A volley of spirit

Game means friendship, fierceness for Gilliland


Camila Flores

Coppell senior middle hitter Madison Gilliland spikes against the Panthers at the CHS Arena on Tuesday. Madison has been in Coppell’s varsity team for four years and will graduate early this December.

Nanditha Nagavishnu, Staff Writer

Growing up in a family of athletes, it was almost fate that Coppell senior middle hitter Madison Gilliland got involved in sports.

Starting as a budding athlete playing softball in her local Little League at 8 years old, Gilliland later tried basketball before moving on to playing volleyball at the Coppell YMCA as an elementary student. At age 10, she joined a club volleyball league, Dallas Skyline, which she was a part of until her junior year.

“My parents [Angela and James Gilliland] were athletes and that got me interested in sports,” Gilliland said. “I absolutely hated [softball and basketball]. My mom made me try volleyball and it clicked.”

Her elder brother, Coppell High School 2015 graduate James Gilliland, played football for Coppell and graduated from Texas Tech University, where he didn’t take up a sport, this August. Her younger brother, Coppell High School 2020 graduate Ashton Gilliland, competes in Special Olympics. Her father played basketball at Wayland Baptist University in Plainview before ending his college sports life and transferring to Texas Tech, where her mother played volleyball.
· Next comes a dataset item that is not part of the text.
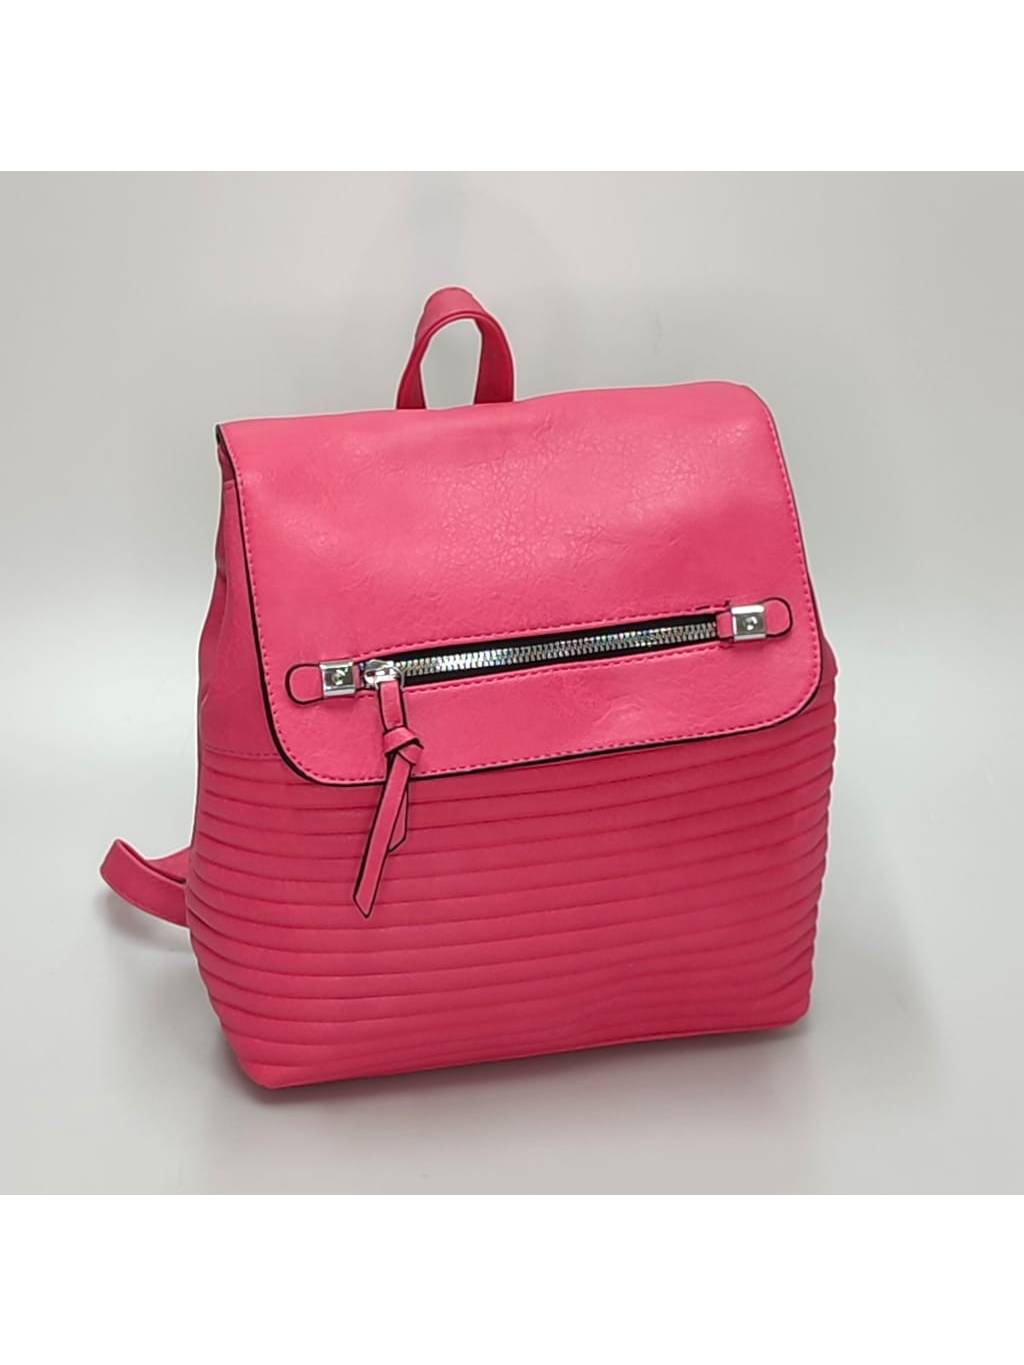 Dámsky ruksak 8625 tmavo ružový www.kabelky vypredaj (17)

In addition to their shared lives in athletics, Texas Tech is also a part of the family’s commonalities. Madison also received an offer to play volleyball for Texas Tech in her sophomore year. Texas Tech’s location in Lubbock is also favorable, as it is Gilliland’s hometown. She committed to Texas Tech in February of her sophomore year.

Coppell senior middle hitter Madison Gilliland anticipates the serve against Hebron at the CHS Arena on Oct. 9. Madison has been in Coppell’s varsity team for four years and will graduate early this December. Photo by Samantha Freeman

“She had a couple of other offers [from UNT, University of Wyoming, University of Arkansas, CBU, Rice University, Baylor University] and we were excited she chose Tech,” Mrs. Gilliland said. “We helped her see the campus and meet coaches, but we let it be her decision.”

As a four year varsity player for Coppell, Madison’s competitive quality and perseverance play a key role in her accomplishment. Described by her mom as a “fierce athlete,” Madison is a strong player and a prominent presence on court.

“I was kind of nervous about getting to play with her,” Coppell sophomore outside hitter Skye Lamendola said. “I’d say she’s the best player on the team. Madison jokes around and knows how to have a good time, but she never plays around on court – she wants to win and she’s there to win. She’s a big presence on court.”

A middle hitter, Madison’s position, is chosen based on the height of a player, since they have to reach high enough to hit the ball over the net. Madison is six feet tall, a little below the average height of a middle hitter, but for this she compensates with her spirit. Another indispensable quality of middle hitters is confidence and ability to react quickly to opponent hits. Apart from scoring, Madison drives her team by helping every player perform their best on court.

“Madison has a brutal honesty about her,” Coppell coach Julie Price said. “She has high expectations for herself and her teammates and encourages open accountability within the team. This sets her apart. We’re a better team when we have her on court.”

These qualities of Madison are also admirable in her personal and social life.

“She’s very strong willed, and she is black and white, so you know where you stand with her, and she’s not fake,” Mrs. Gilliland said. “She’s just who she is; she doesn’t sugarcoat anything.”

Madison can be succinctly defined as a competitor.

“My ideology and mindset is like, ‘you got to win’ and ‘you got to put 100% of your effort,’” Madison said. “That’s what I live my life by. For this, my friends call me a competitor.”

Volleyball demands strict practice hours and a lot of time spent with teammates. The bond formed while playing together, depending on and lifting each other up is dear to Madison.

“I love the friendships we form on the team,” Madison said “You get to experience so much with them – the ups and down and shared victories – and develop a sort of sisterhood. They truly are my sisters because they mean so much to me and we spend so much time together. Character development comes along with that since we help and support each other.”

Madison will graduate early on Dec. 18 and play in Texas Tech’s offseason volleyball program in January. Even though graduating early is a choice and not a requirement, Madison feels ready for college and believes it would help to develop her volleyball skills and allow adapting to college life early on. There, she is planning to major in psychology.

“It takes effort and motivation,” Madison said. “But at the end it’s really worth it, no matter what happens.”